Prompting · intermediate
Test-Time Compute (inference-time compute)
Test-time compute is the extra reasoning, sampling, or search a model can do at inference time to improve quality — more thinking tokens, more candidate answers, or verifier-guided search.
Explanation
Pre-2024 LLMs spent one forward pass per token and called it a day. Reasoning models (o1, R1) spend many tokens "thinking" before the user-visible answer. Beyond pure CoT, test-time compute can also mean: best-of-N sampling, tree search over candidate steps, verifier-guided reranking, and self-consistency voting.
The empirical finding driving this: for a fixed model, doubling test-time compute often beats doubling training compute on hard problems — the new third scaling axis alongside parameters and data.
Practically, more test-time compute means longer latency and higher per-call cost, so it is reserved for harder tasks.
Examples
- o1 thinking for 30 seconds before answering a math olympiad problem.

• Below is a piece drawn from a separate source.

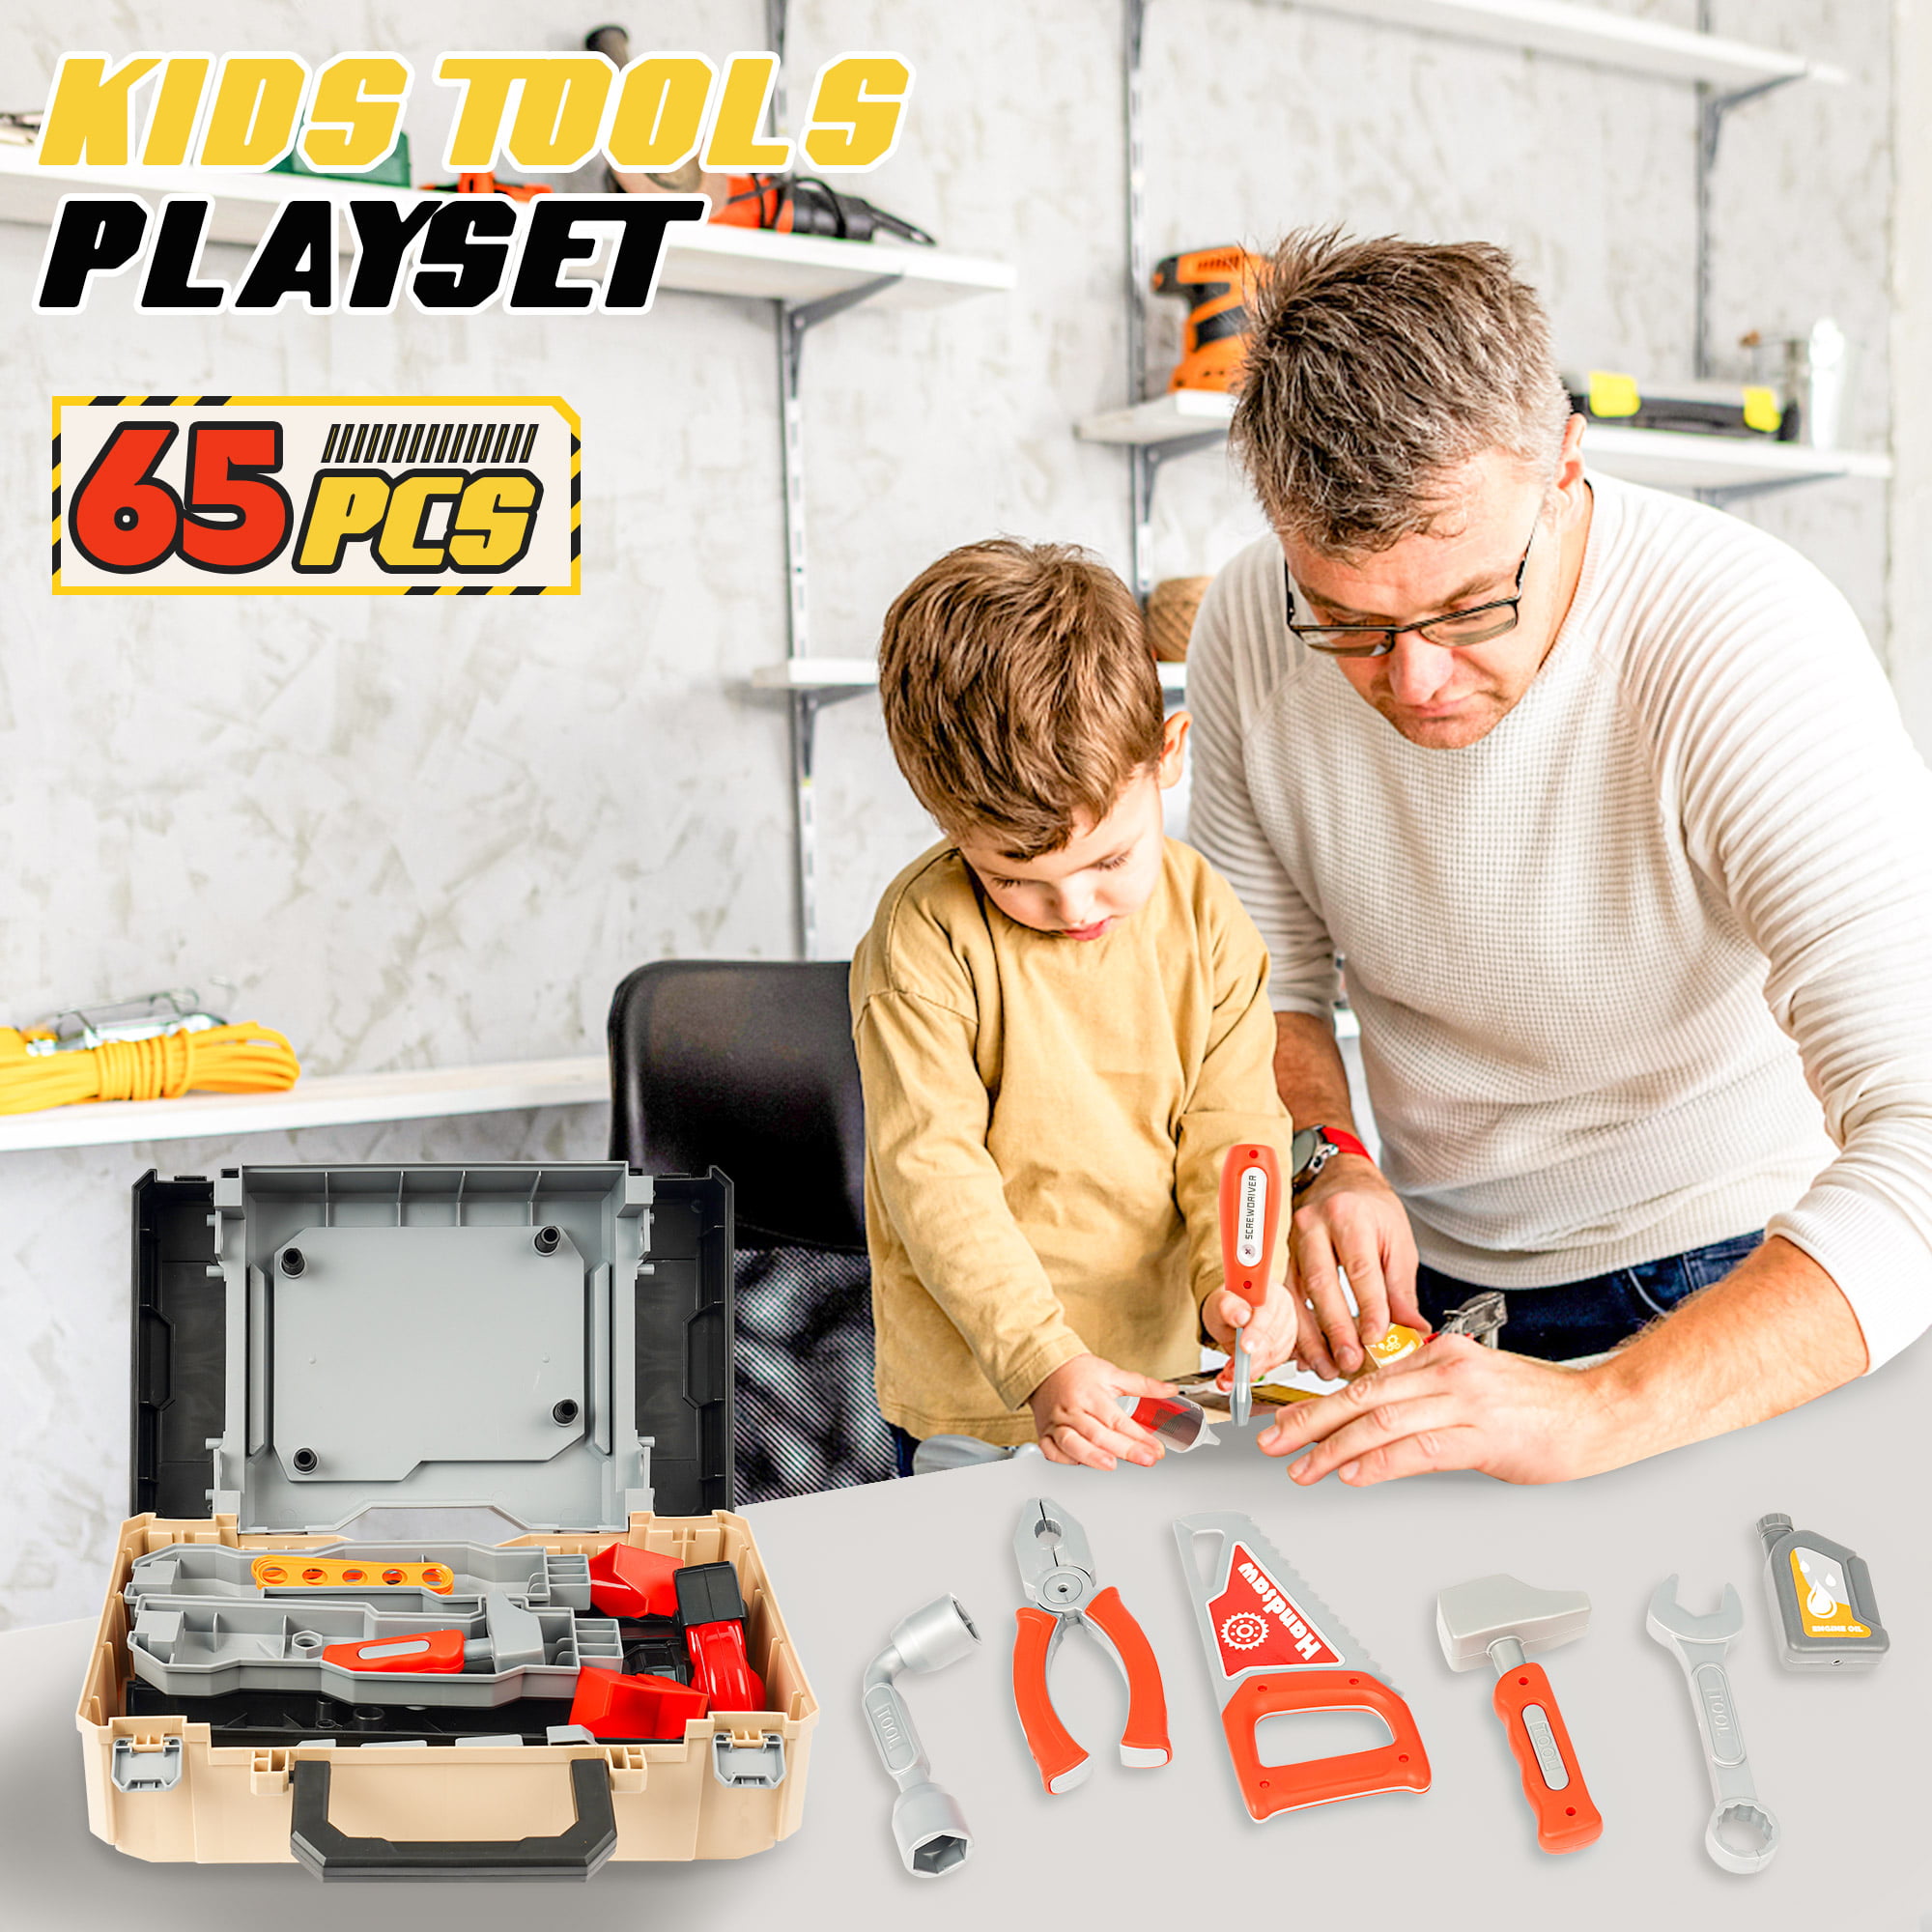 YCFUN 82 Pcs Toy Workbench for Boys Toddlers, Kids Tool Set Kids

- Best-of-32 sampling on a coding task, then choosing the highest-scored answer.
When to use test-time compute
Whenever quality matters more than latency — math, code, research, structured planning.
Frequently asked
What is Test-Time Compute?
Test-time compute is the extra reasoning, sampling, or search a model can do at inference time to improve quality — more thinking tokens, more candidate answers, or verifier-guided search.

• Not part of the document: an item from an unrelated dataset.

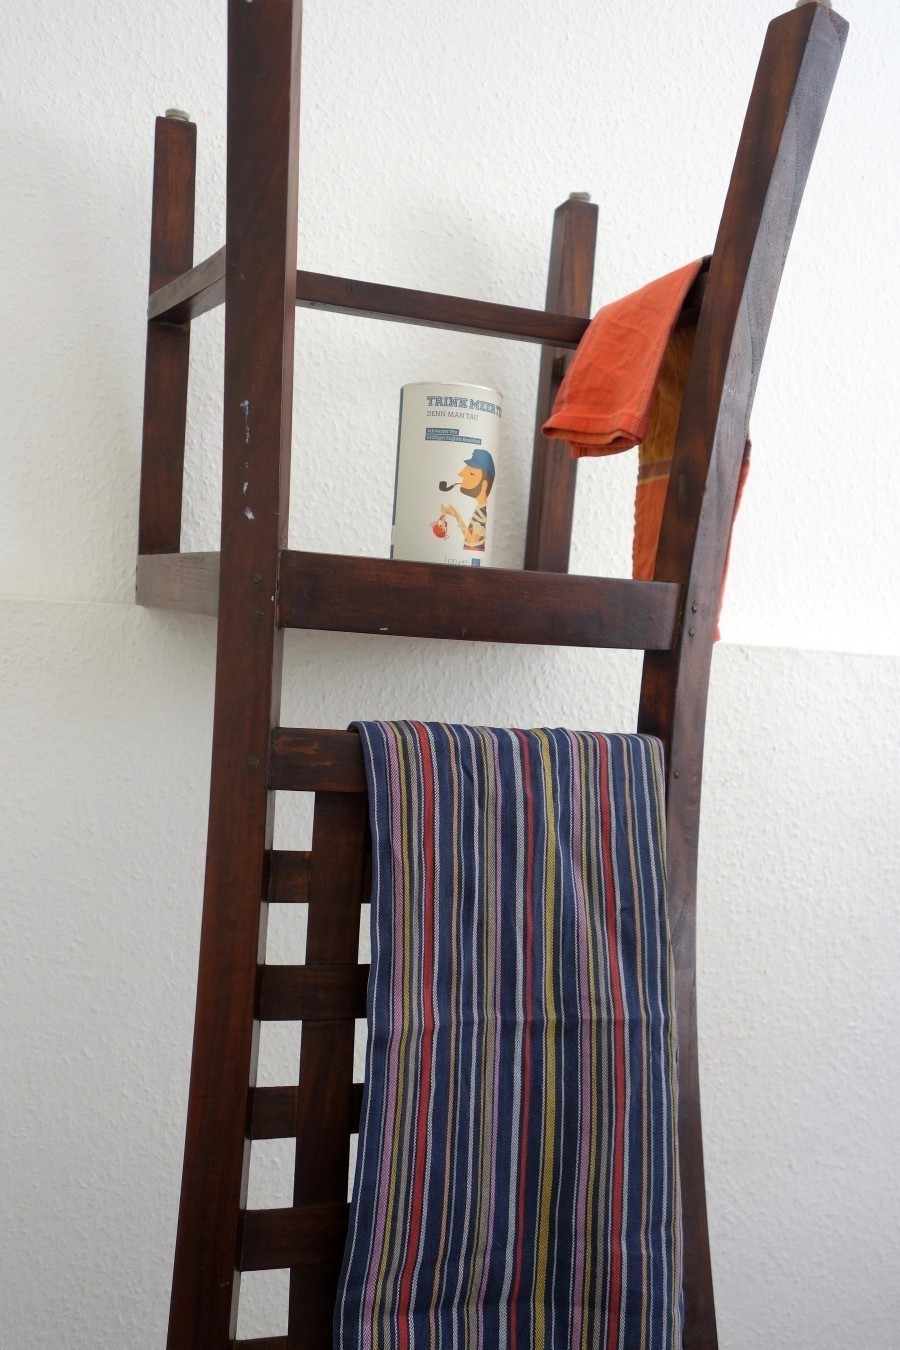 Um den Stuhl als Regal und Handtuchhalter zu verwenden, wird er einfach auf den Kopf gestellt und mit Dübeln und langen Schrauben an der Wand fest verschraubt.

What is an example of test-time compute?
o1 thinking for 30 seconds before answering a math olympiad problem.
How is Test-Time Compute related to Reasoning Model?

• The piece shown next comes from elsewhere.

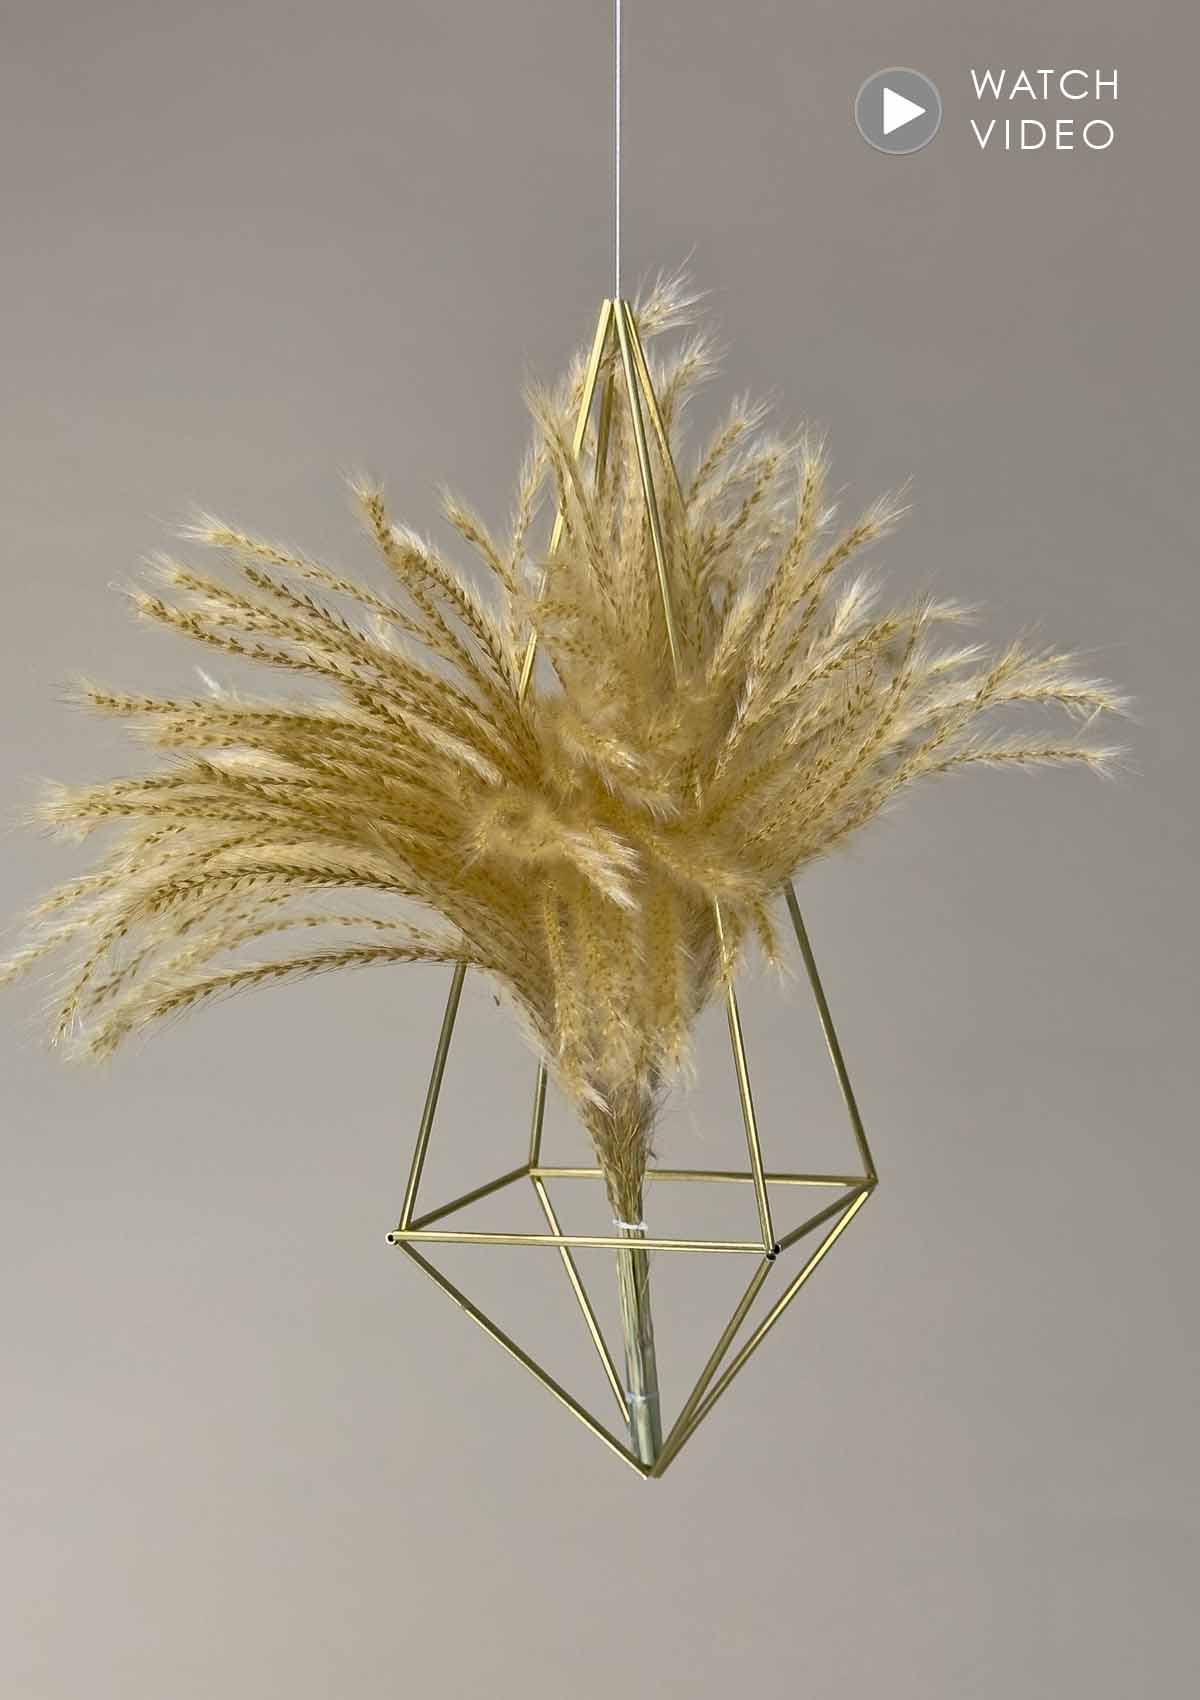 Das „Shiny Grass“ paßt mit seinem goldenen Glanz perfekt zum unserem gold-funkelnden Flower Design Mobile. Dieses Flower Mobile, Medium eignet sich toll als einzelnes Deko-Objekt, aber auch besonders schön in Kombination mit weiteren Mobiles z.B. der größeren Large-Variante.

Test-Time Compute and Reasoning Model are both prompting concepts. A reasoning model spends extra compute thinking step-by-step before answering. OpenAI o1/o3, DeepSeek R1, and Anthropic's extended thinking are reasoning models.
When should I use test-time compute?
Whenever quality matters more than latency — math, code, research, structured planning.
Is Test-Time Compute considered intermediate?
Test-Time Compute is generally considered intermediate-level material in the AI and LLM space.